At the same time, the RS that meta recently got assigned also died (due to CM), 
and restarted: 
{code}
2013-10-03 23:30:07,636 DEBUG [RpcServer.handler=17,port=60000] 
master.ServerManager: REPORT: Server 
gs-hdp2-secure-1380781860-hbase-8.cs1cloud.internal,60020,1380843002494 came 
back up, removed it from the dead servers list
2013-10-03 23:30:08,769 INFO  [RpcServer.handler=18,port=60000] 
master.ServerManager: Triggering server recovery; existingServer 
gs-hdp2-secure-1380781860-hbase-5.cs1cloud.internal,60020,1380842900820 looks 
stale, new 
server:gs-hdp2-secure-1380781860-hbase-5.cs1cloud.internal,60020,1380843006362
2013-10-03 23:30:08,771 DEBUG [RpcServer.handler=18,port=60000] 
master.AssignmentManager: Checking region=hbase:meta,,1.1588230740, zk 
server=gs-hdp2-secure-1380781860-hbase-5.cs1cloud.internal,60020,1380842900820 
current=gs-hdp2-secure-1380781860-hbase-5.cs1cloud.internal,60020,1380842900820,
 matches=true
2013-10-03 23:30:08,771 DEBUG [RpcServer.handler=18,port=60000] 
master.ServerManager: 
Added=gs-hdp2-secure-1380781860-hbase-5.cs1cloud.internal,60020,1380842900820 
to dead servers, submitted shutdown handler to be executed meta=true
2013-10-03 23:30:08,771 INFO  [RpcServer.handler=18,port=60000] 
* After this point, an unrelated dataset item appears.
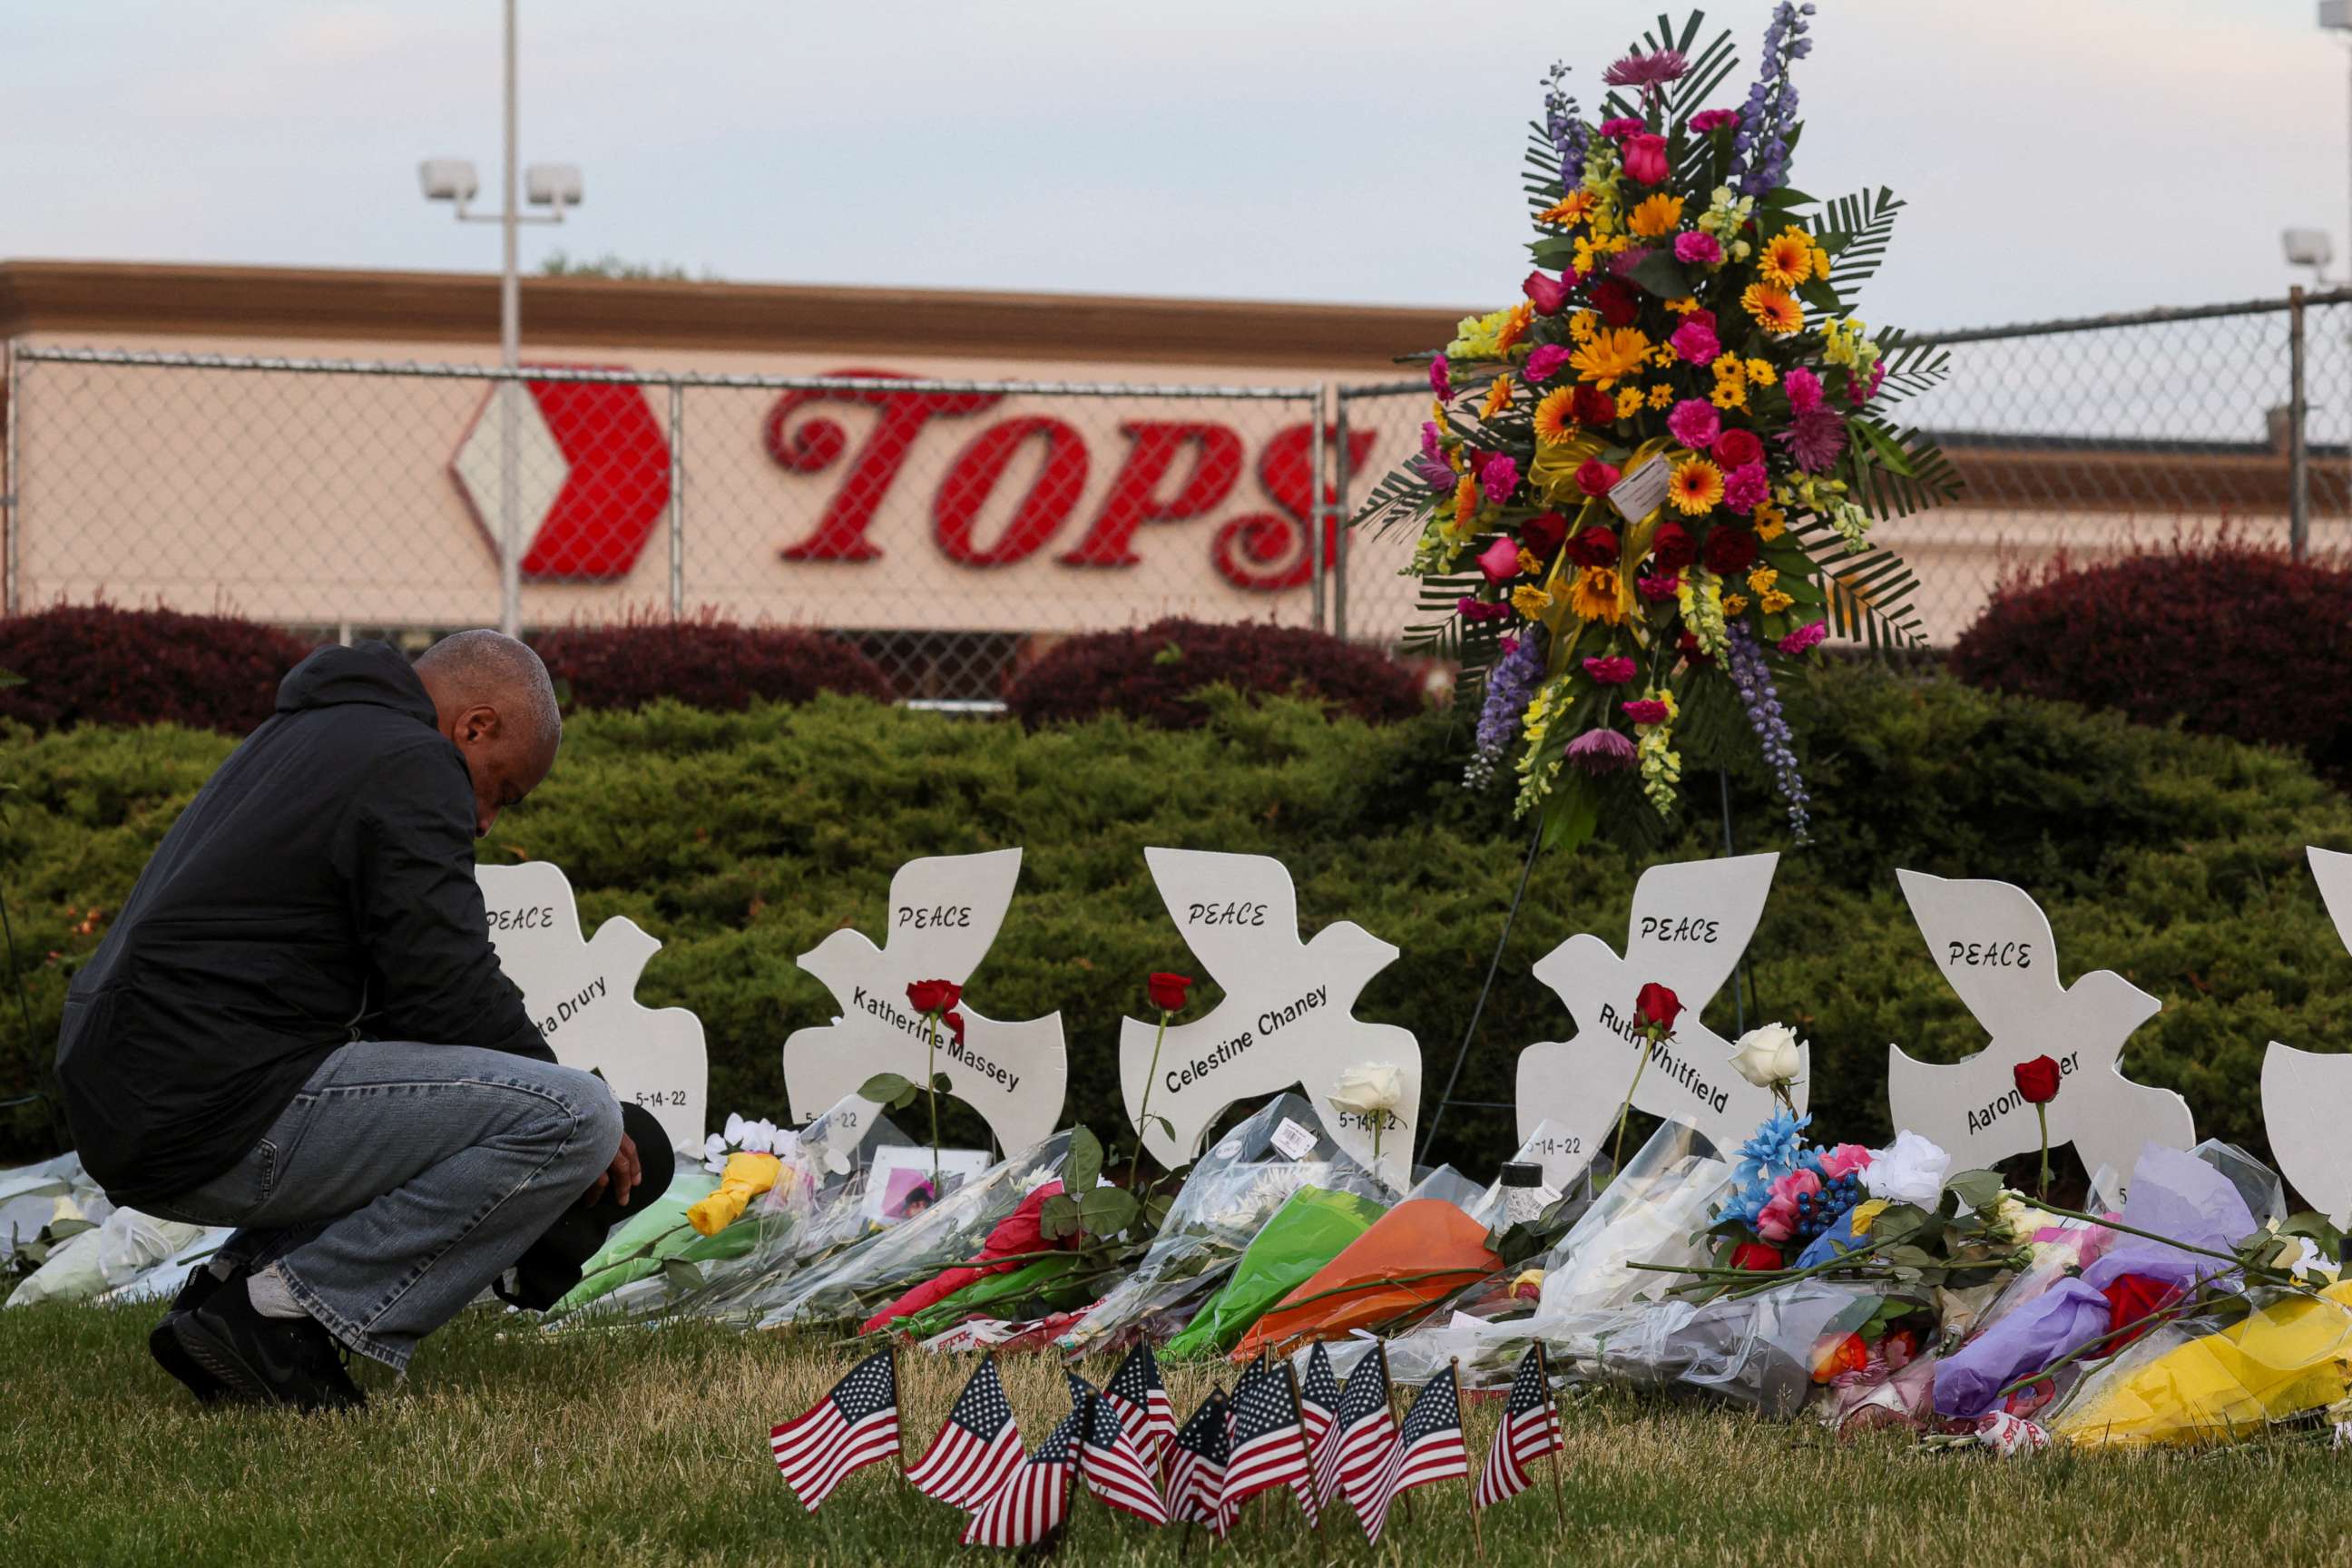 PHOTO: A man prays at a memorial at the scene of a weekend shooting at a Tops supermarket in Buffalo, N.Y., May 19, 2022.
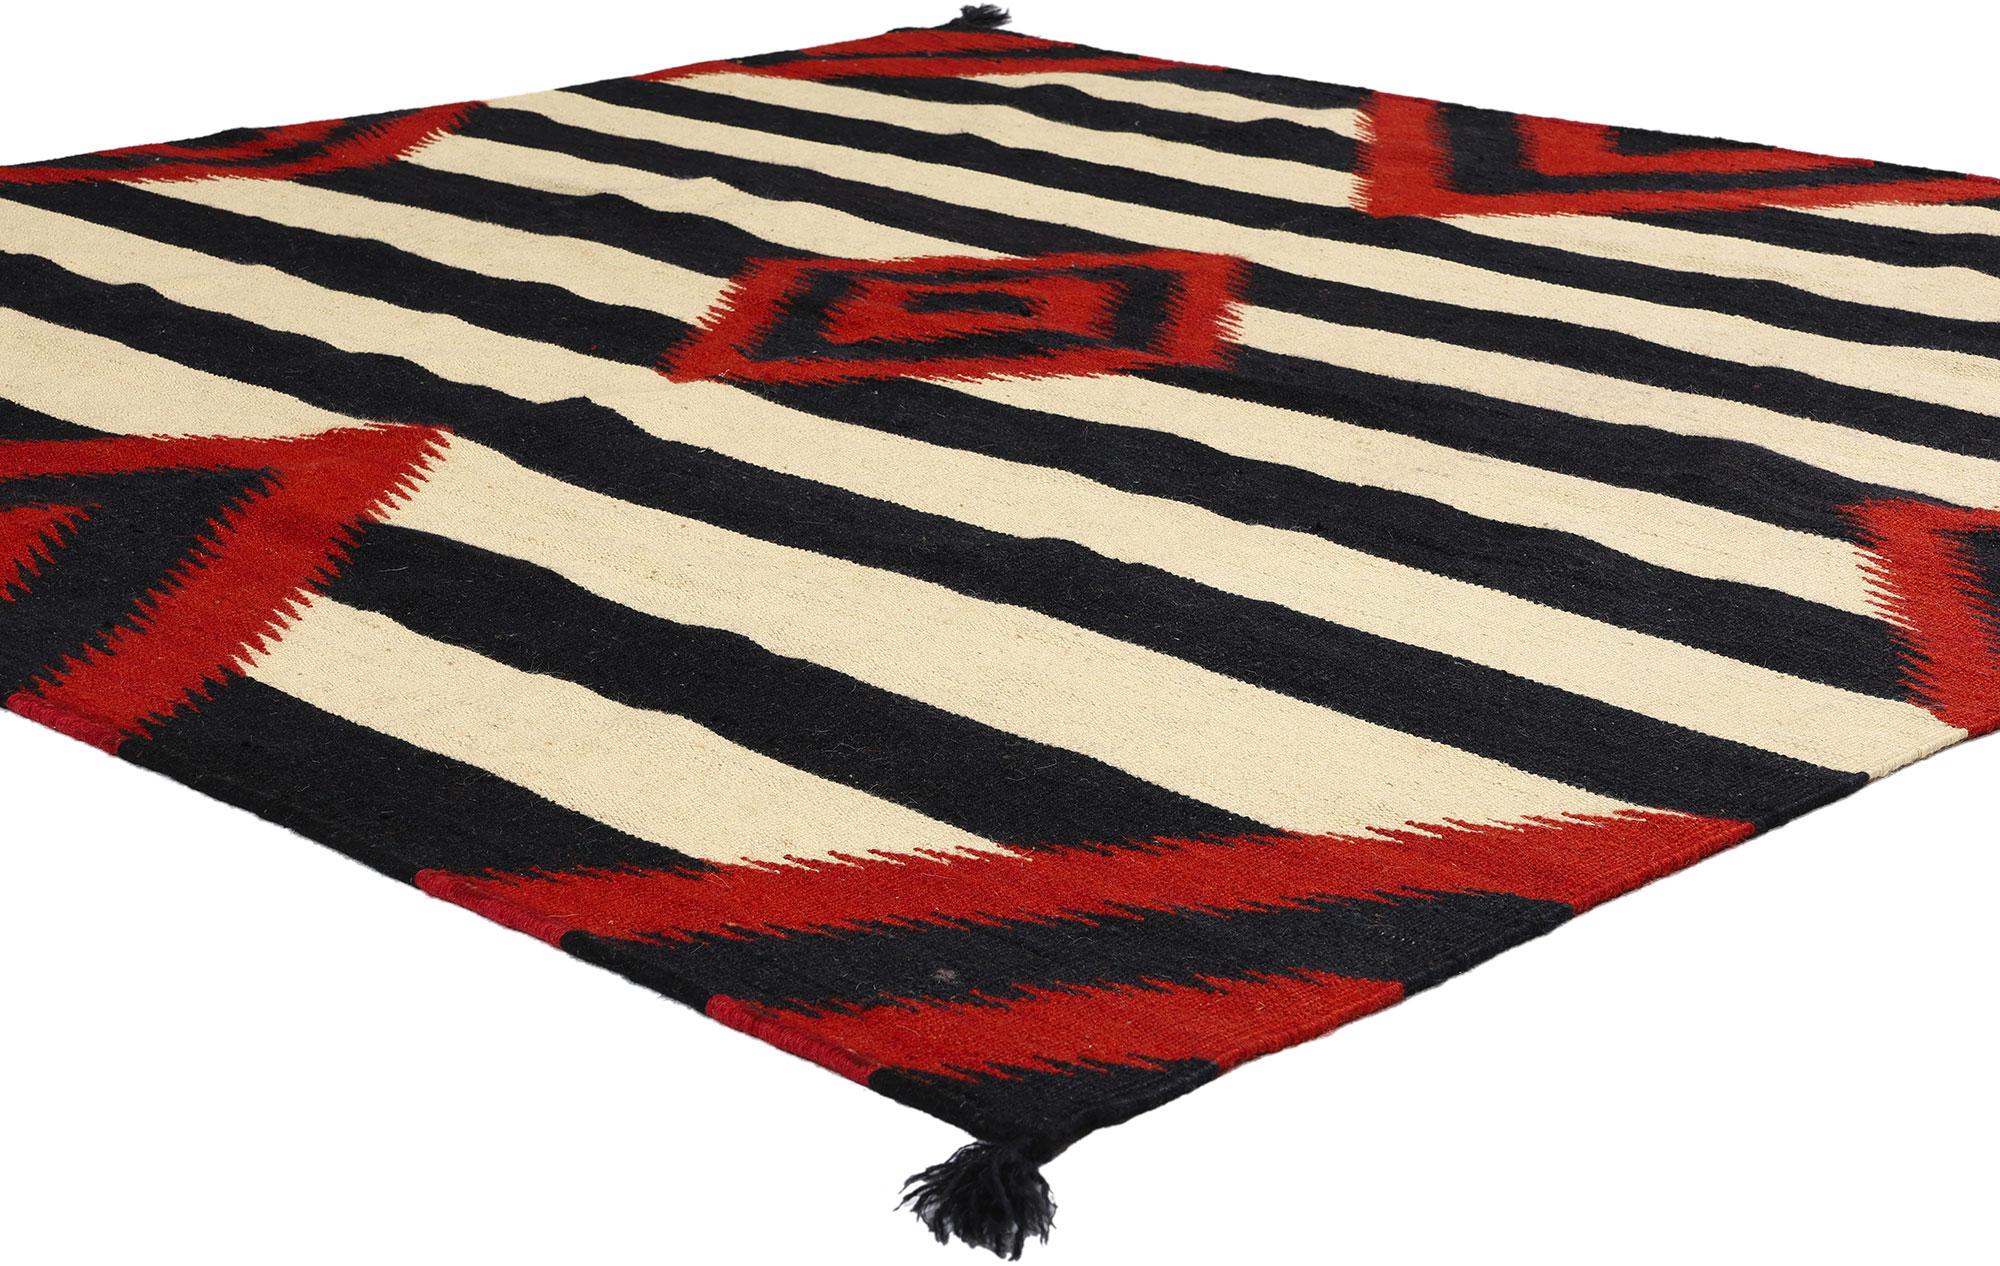 81046 Southwest Modern Chief Blanket Navajo-Style Rug, 06'03 x 05'11. Embark on an enchanting journey immersed in sunbaked warmth with this handwoven wool Chief Blanket Navajo-style rug. A testament to the seamless fusion of Contemporary Santa Fe

master.ServerManager: Registering 
server=gs-hdp2-secure-1380781860-hbase-5.cs1cloud.internal,60020,1380843006362
2013-10-03 23:30:08,772 INFO  
[MASTER_META_SERVER_OPERATIONS-gs-hdp2-secure-1380781860-hbase-12:60000-2] 
handler.MetaServerShutdownHandler: Splitting hbase:meta logs for 
gs-hdp2-secure-1380781860-hbase-5.cs1cloud.internal,60020,1380842900820
{code}

AM/SSH sees that the RS that died was carrying meta, but the assignment RPC 
request was still not sent:
{code}
2013-10-03 23:30:08,791 DEBUG 
[MASTER_META_SERVER_OPERATIONS-gs-hdp2-secure-1380781860-hbase-12:60000-2] 
master.AssignmentManager: Checking region=hbase:meta,,1.1588230740, zk 
server=gs-hdp2-secure-1380781860-hbase-5.cs1cloud.internal,60020,1380842900820 
current=gs-hdp2-secure-1380781860-hbase-5.cs1cloud.internal,60020,1380842900820,
 matches=true
2013-10-03 23:30:08,791 INFO  
[MASTER_META_SERVER_OPERATIONS-gs-hdp2-secure-1380781860-hbase-12:60000-2] 
handler.MetaServerShutdownHandler: Server 
gs-hdp2-secure-1380781860-hbase-5.cs1cloud.internal,60020,1380842900820 was 
carrying META. Trying to assign.
2013-10-03 23:30:08,791 DEBUG 
[MASTER_META_SERVER_OPERATIONS-gs-hdp2-secure-1380781860-hbase-12:60000-2] 
master.RegionStates: Offline 1588230740 with current state=PENDING_OPEN, 
expected state=OFFLINE/SPLITTING/MERGING
2013-10-03 23:30:08,791 INFO  
[MASTER_META_SERVER_OPERATIONS-gs-hdp2-secure-1380781860-hbase-12:60000-2] 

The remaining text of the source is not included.